We will be using a responsive html template for our design needs as our main aim is to get the charts up and running rather than code the responsiveness and the style of the various divs. I have used a nice synchronous template for this project.

If you take a look at the node.js code you will observe that the static content will be served in the public folder. Hence we place our html stuff there.

We will be utilizing the following libraries for visualization:

  1. D3.js: Which will render our charts. D3 creates svg based charts which are easily passed into out html blocks
  2. Dc.js: which we will use as a wrapper for D3.js, meaning we dont need to code each and every thing about the charts but just the basic parameters
  3. Crossfilter.js: which is used for exploring large multivariate datasets in the browser. Really great for slicing and dicing data.Enables drill down based analysis
  4. queue.js: An asynchronous helper library for data ingestion involving multiple api’s
  5. Dc.css : Contains the styling directives for our dc charts
  6. Dashboard.js: Will contain the code for our charts and graphs

You can always refer to the code repository for the placement of these libraries. We need to include these libraries in our html page (index.html). Now, To the main task at hand: Coding the charts!

In our Dashboard.js file we have the following :

A queue() function which utilizes the queue library for asynchronous loading. It is helpful when you are trying to get data from multiple API’s for a single analysis. In our current project we don’t need the queue functionality, but its good to have a code than can be reused as per the need. The queue function process that data hosted at the API and inserts it into the apiData Variable.

queue()
.defer(d3.json, "/api/data")
.await(makeGraphs);
function makeGraphs(error, apiData) {

Then we do some basic transformations on our data using the d3 functions. We pass the data inside the apiData variable into our dataSet variable. We then parse the date data type to suit our charting needs and set the data type of total_donations as a number using the + operator.

var dataSet = apiData;
var dateFormat = d3.time.format("%m/%d/%Y");
dataSet.forEach(function(d) {
d.date_posted = dateFormat.parse(d.date_posted);
d.date_posted.setDate(1);
d.total_donations = +d.total_donations;
});

Next Steps are ingesting the data into a crossfilter instance and creating dimensions based on the crossfilter instance. Crossfilter acts as a two way data binding pipeline. Whenever you make a selection on the data, it is automatically applied to other charts as well enabling our drill down functionality.

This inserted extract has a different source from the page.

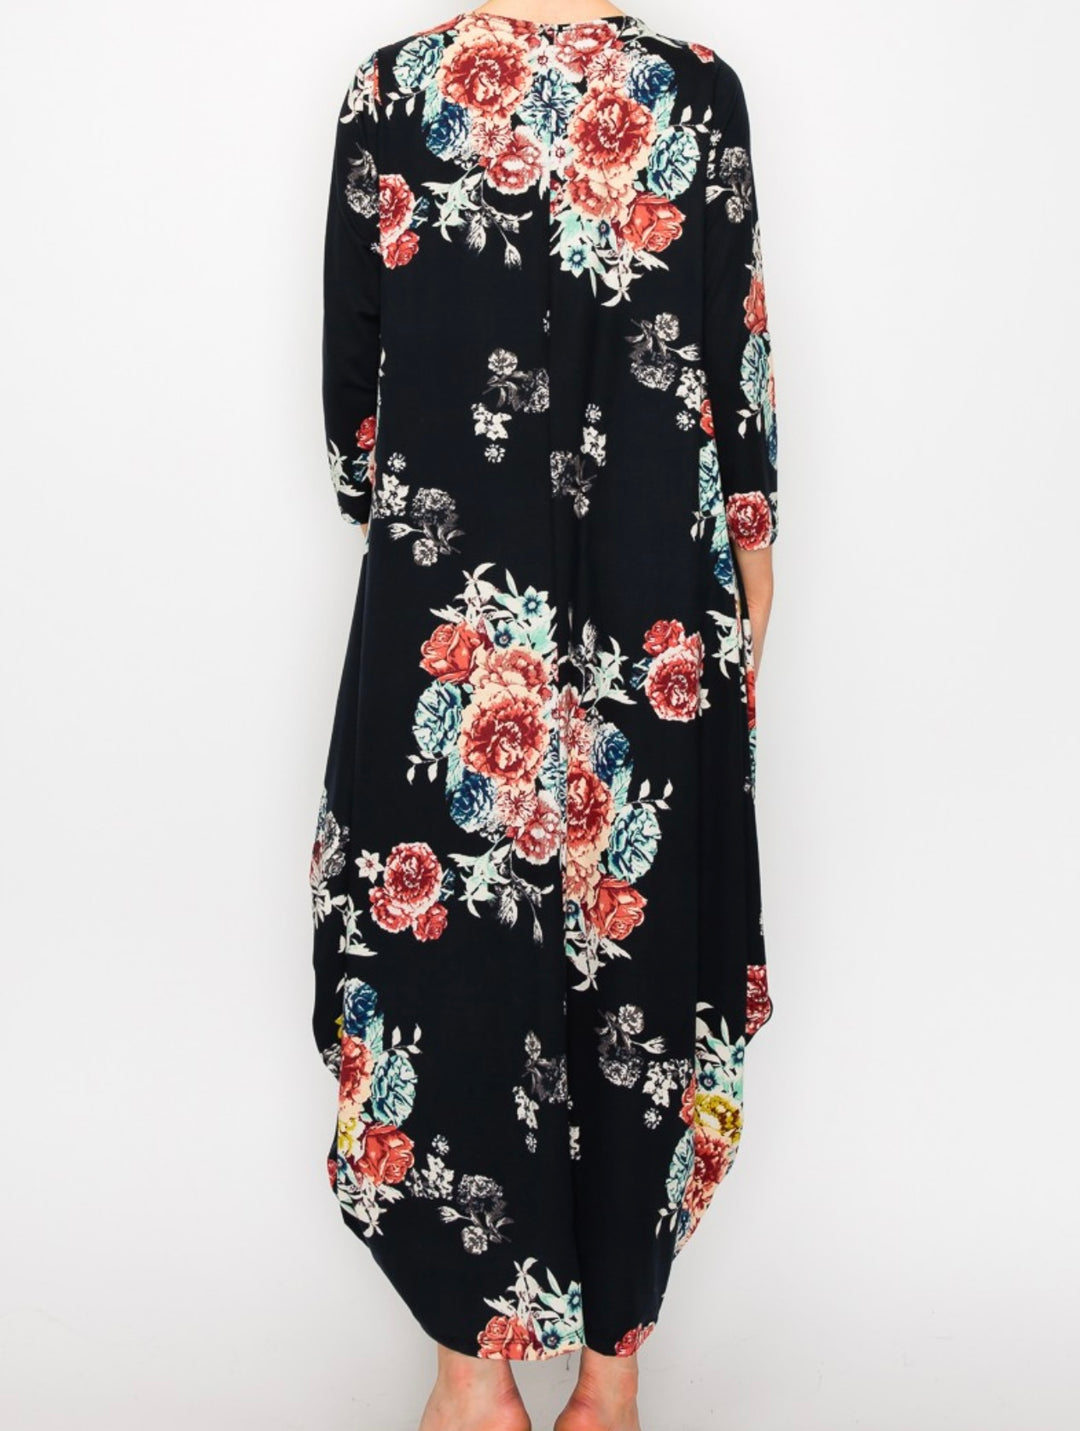 Poliana Black with Floral Print Pattern Bubble Dress Long Maxi Dress

var ndx = crossfilter(dataSet);


var datePosted = ndx.dimension(function(d) { return d.date_posted; });
var gradeLevel = ndx.dimension(function(d) { return d.grade_level; });
var resourceType = ndx.dimension(function(d) { return d.resource_type; });
var fundingStatus = ndx.dimension(function(d) { return d.funding_status; });
var povertyLevel = ndx.dimension(function(d) { return d.poverty_level; });
var state = ndx.dimension(function(d) { return d.school_state; });
var totalDonations = ndx.dimension(function(d) { return d.total_donations; });

Now we calculate metrics and groups for grouping and counting our data.

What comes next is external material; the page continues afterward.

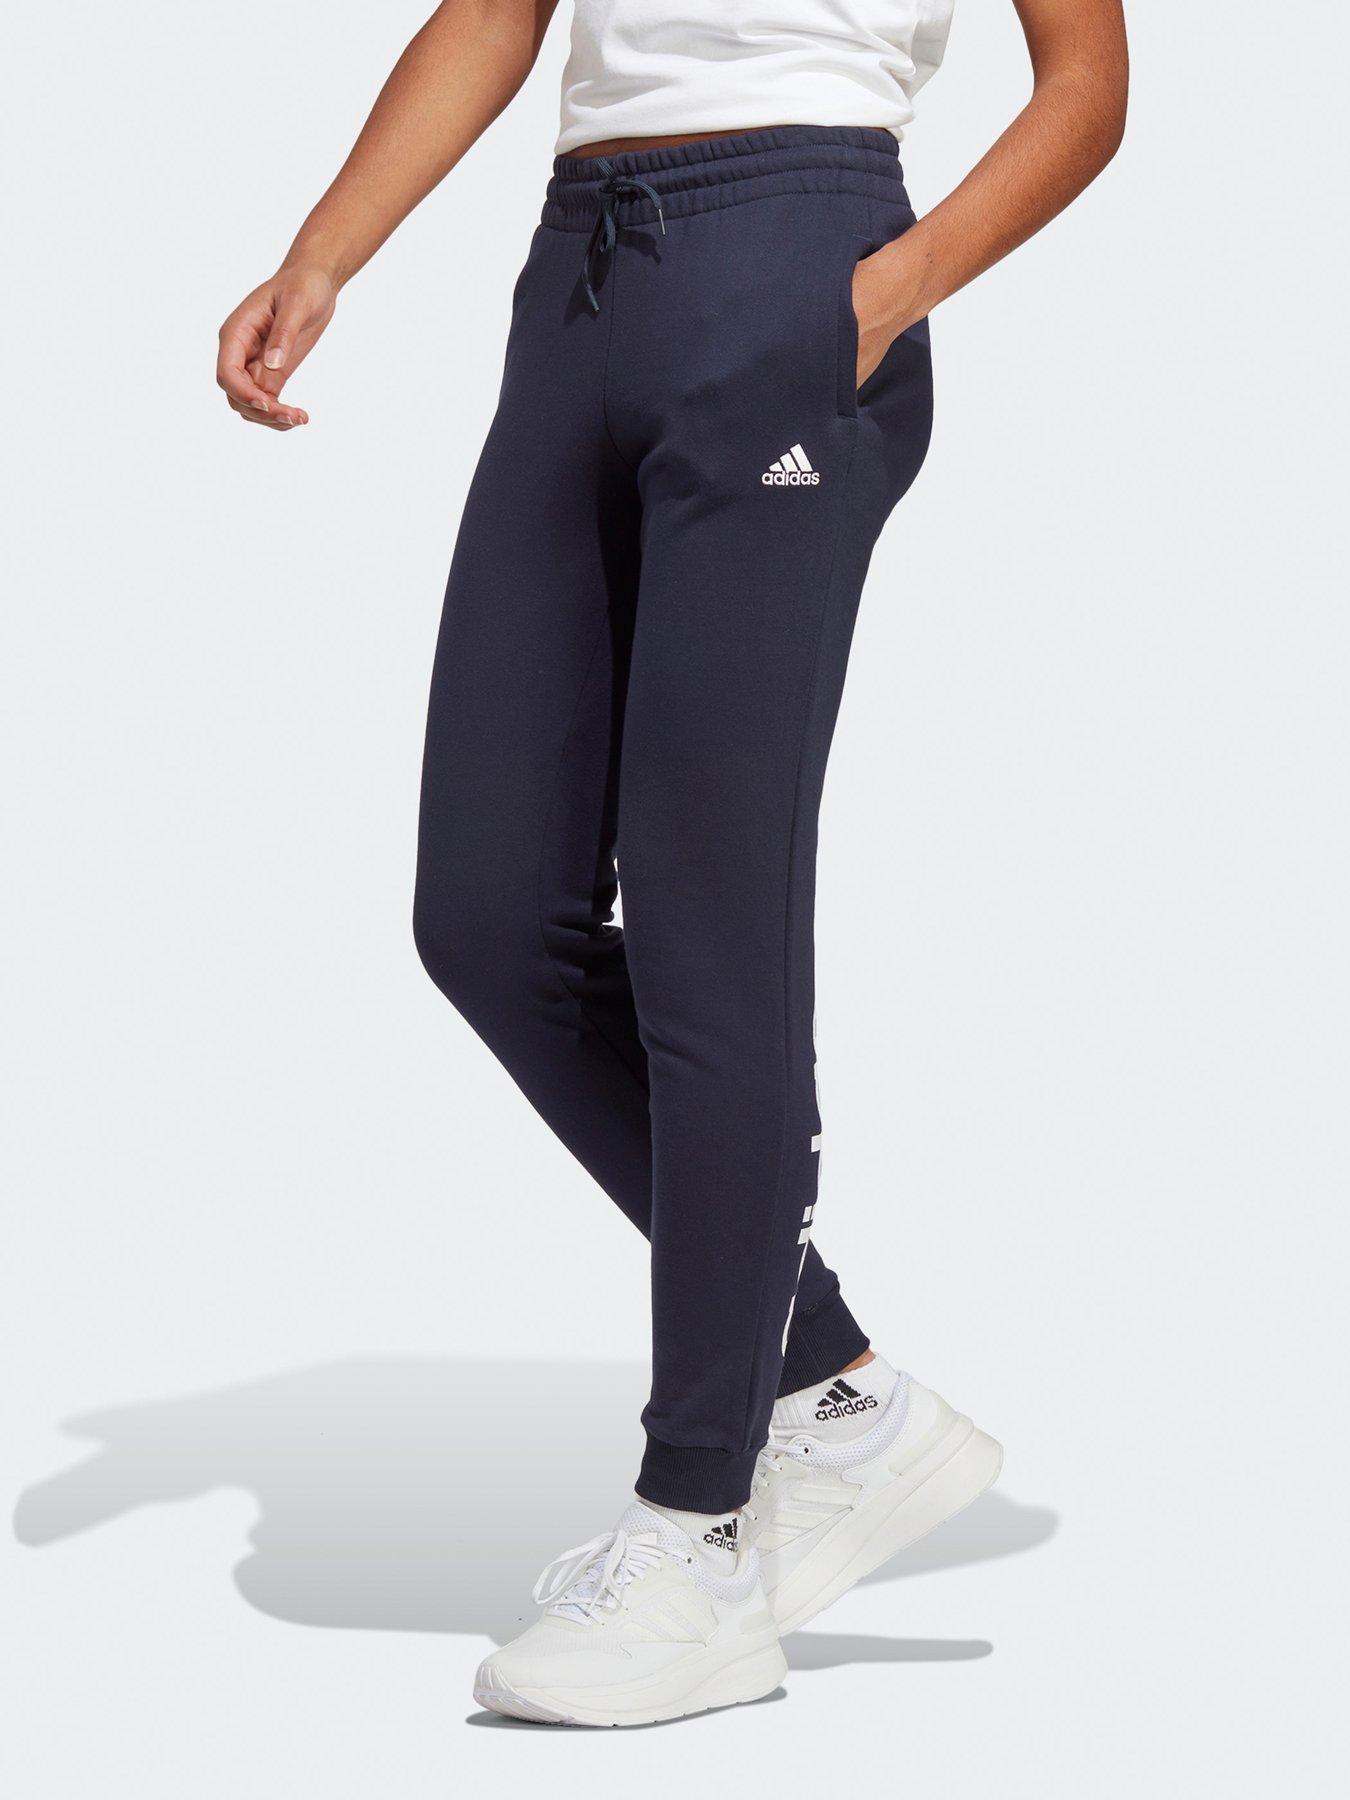 Adidas X Studio London Women's Sweatpants - Multi GN3358 - Trade Sports

var projectsByDate = datePosted.group();
var projectsByGrade = gradeLevel.group();
var projectsByResourceType = resourceType.group();
var projectsByFundingStatus = fundingStatus.group();
var projectsByPovertyLevel = povertyLevel.group();
var stateGroup = state.group();
var all = ndx.groupAll();


//Calculate Groups
var totalDonationsState = state.group().reduceSum(function(d) {
return d.total_donations;
});
var totalDonationsGrade = gradeLevel.group().reduceSum(function(d) {
return d.grade_level;
});
var totalDonationsFundingStatus = fundingStatus.group().reduceSum(function(d) {
return d.funding_status;
});
var netTotalDonations = ndx.groupAll().reduceSum(function(d) {return d.total_donations;});

Now we define the charts using DC.js library. Dc.js makes it easy to code good looking charts. Plus the dc library has a lot of charts to suit majority of anaysis. Checkout the github page for dc here.

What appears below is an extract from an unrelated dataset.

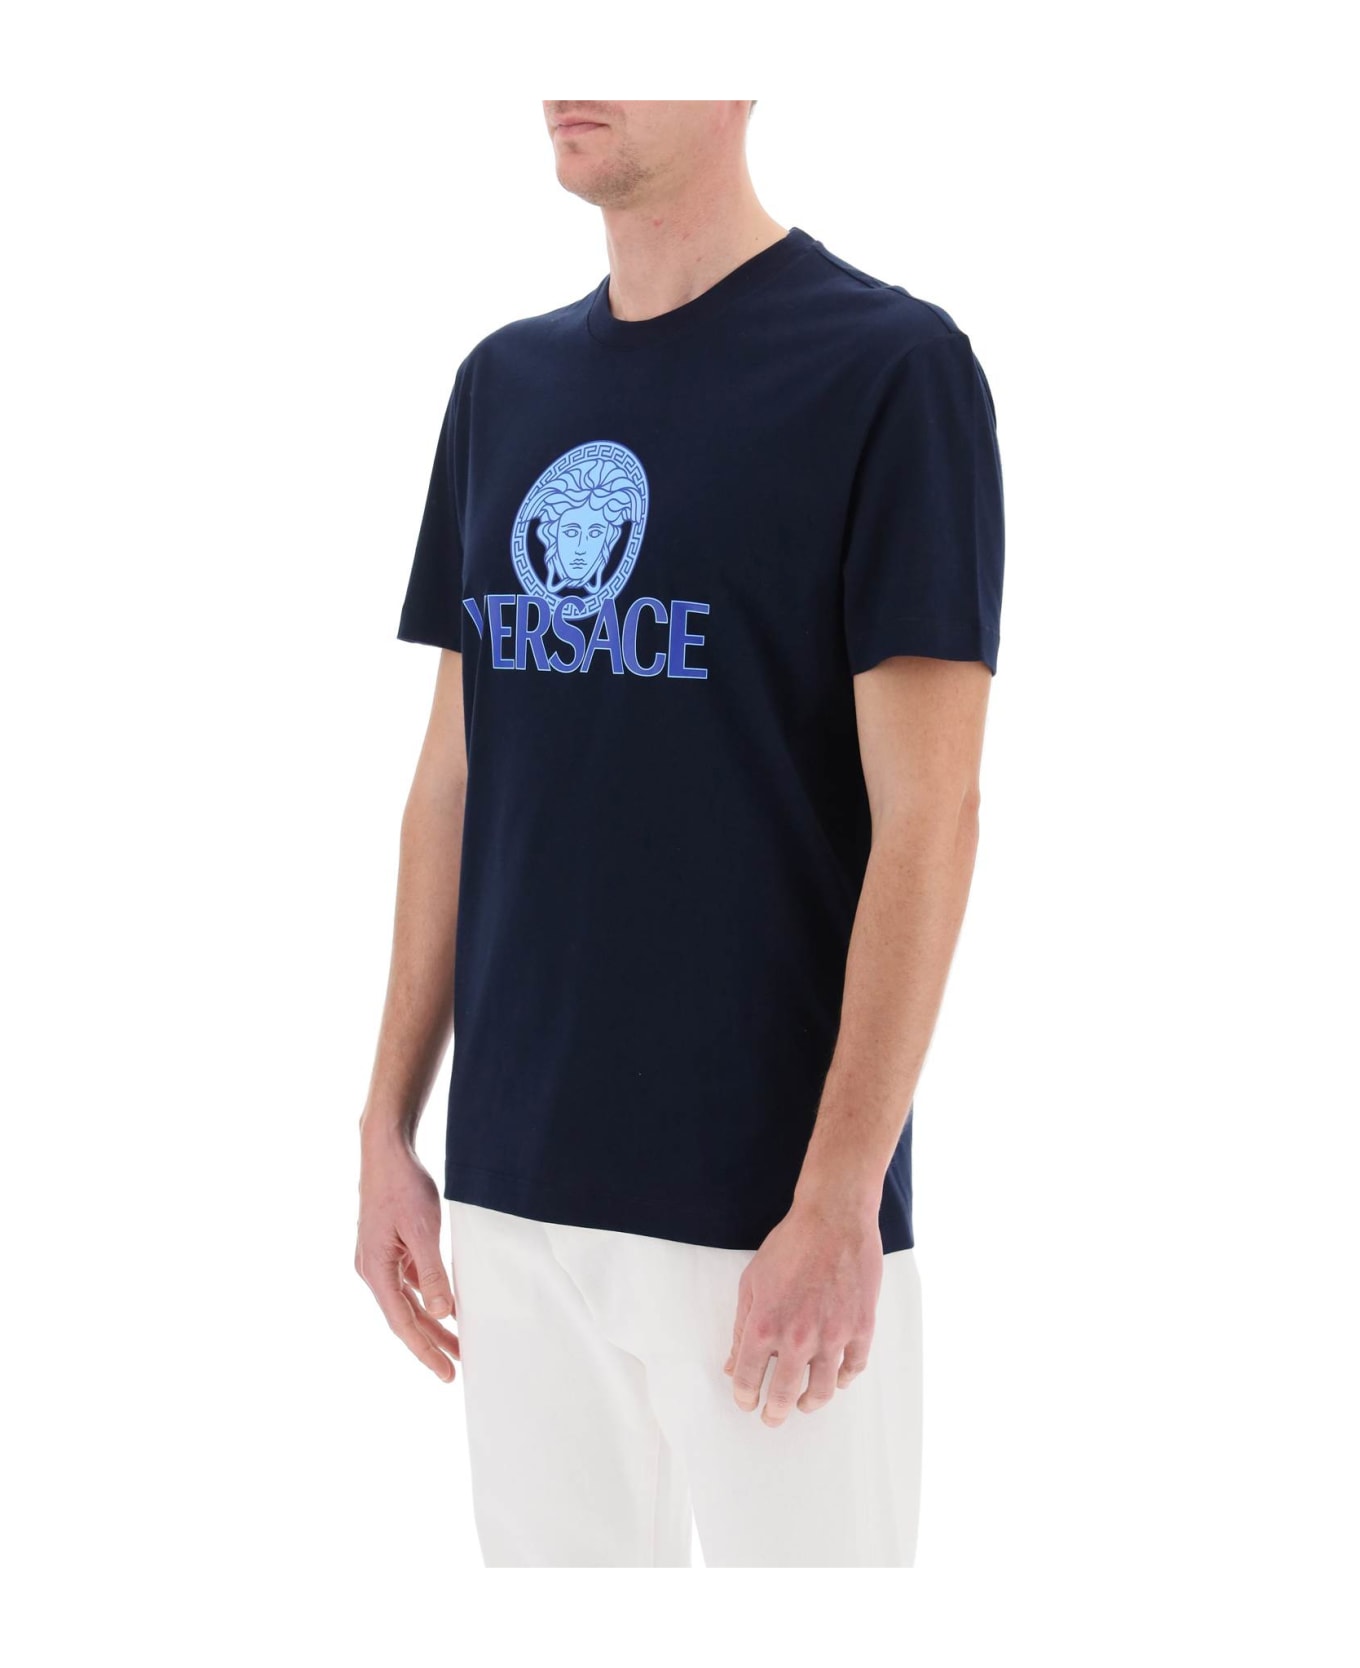 Versace Printed Cotton T-shirt - Blue シャツ

var dateChart = dc.lineChart("#date-chart");
var gradeLevelChart = dc.rowChart("#grade-chart");
var resourceTypeChart = dc.rowChart("#resource-chart");
var fundingStatusChart = dc.pieChart("#funding-chart");
var povertyLevelChart = dc.rowChart("#poverty-chart");
var totalProjects = dc.numberDisplay("#total-projects");
var netDonations = dc.numberDisplay("#net-donations");
var stateDonations = dc.barChart("#state-donations");

And the final part where we define our charts. We are using a combination of charts and widgets here. You may notice that we are essentially supplying basic information to the chart definitions like dimension,group, axes properties etc.

// A dropdown widget
selectField = dc.selectMenu('#menuselect')
.dimension(state)
.group(stateGroup);
// Widget for seeing the rows selected and rows available in the dataset
dc.dataCount("#row-selection")
.dimension(ndx)
.group(all);
//A number chart
totalProjects
.formatNumber(d3.format("d"))
.valueAccessor(function(d){return d; })
.group(all);
//Another number chart
netDonations
.formatNumber(d3.format("d"))
.valueAccessor(function(d){return d; })
.group(netTotalDonations)
.formatNumber(d3.format(".3s"));
//A line chart
dateChart
//.width(600)
.height(220)
.margins({top: 10, right: 50, bottom: 30, left: 50})
.dimension(datePosted)
.group(projectsByDate)
.renderArea(true)
.transitionDuration(500)
.x(d3.time.scale().domain([minDate, maxDate]))
.elasticY(true)
.renderHorizontalGridLines(true)
.renderVerticalGridLines(true)
.xAxisLabel("Year")
.yAxis().ticks(6);
//A row chart
resourceTypeChart
//.width(300)
.height(220)
.dimension(resourceType)
.group(projectsByResourceType)
.elasticX(true)
.xAxis().ticks(5);
//Another row chart
povertyLevelChart
//.width(300)
.height(220)
.dimension(povertyLevel)
.group(projectsByPovertyLevel)
.xAxis().ticks(4);
//Another row chart
gradeLevelChart
//.width(300)
.height(220)
.dimension(gradeLevel)
.group(projectsByGrade)
.xAxis().ticks(4);
//A pie chart
fundingStatusChart
.height(220)
//.width(350)
.radius(90)
.innerRadius(40)
.transitionDuration(1000)
.dimension(fundingStatus)
.group(projectsByFundingStatus);
//A bar chart
stateDonations
//.width(800)
.height(220)
.transitionDuration(1000)
.dimension(state)
.group(totalDonationsState)
.margins({top: 10, right: 50, bottom: 30, left: 50})
.centerBar(false)
.gap(5)
.elasticY(true)
.x(d3.scale.ordinal().domain(state))
.xUnits(dc.units.ordinal)
.renderHorizontalGridLines(true)
.renderVerticalGridLines(true)
.ordering(function(d){return d.value;})
.yAxis().tickFormat(d3.format("s"));

And finally we call the dc render function which renders our charts.

dc.renderAll();

Mission Accomplished!

Open your browser and go to localhost:8080/index.html to see your dashboard in action.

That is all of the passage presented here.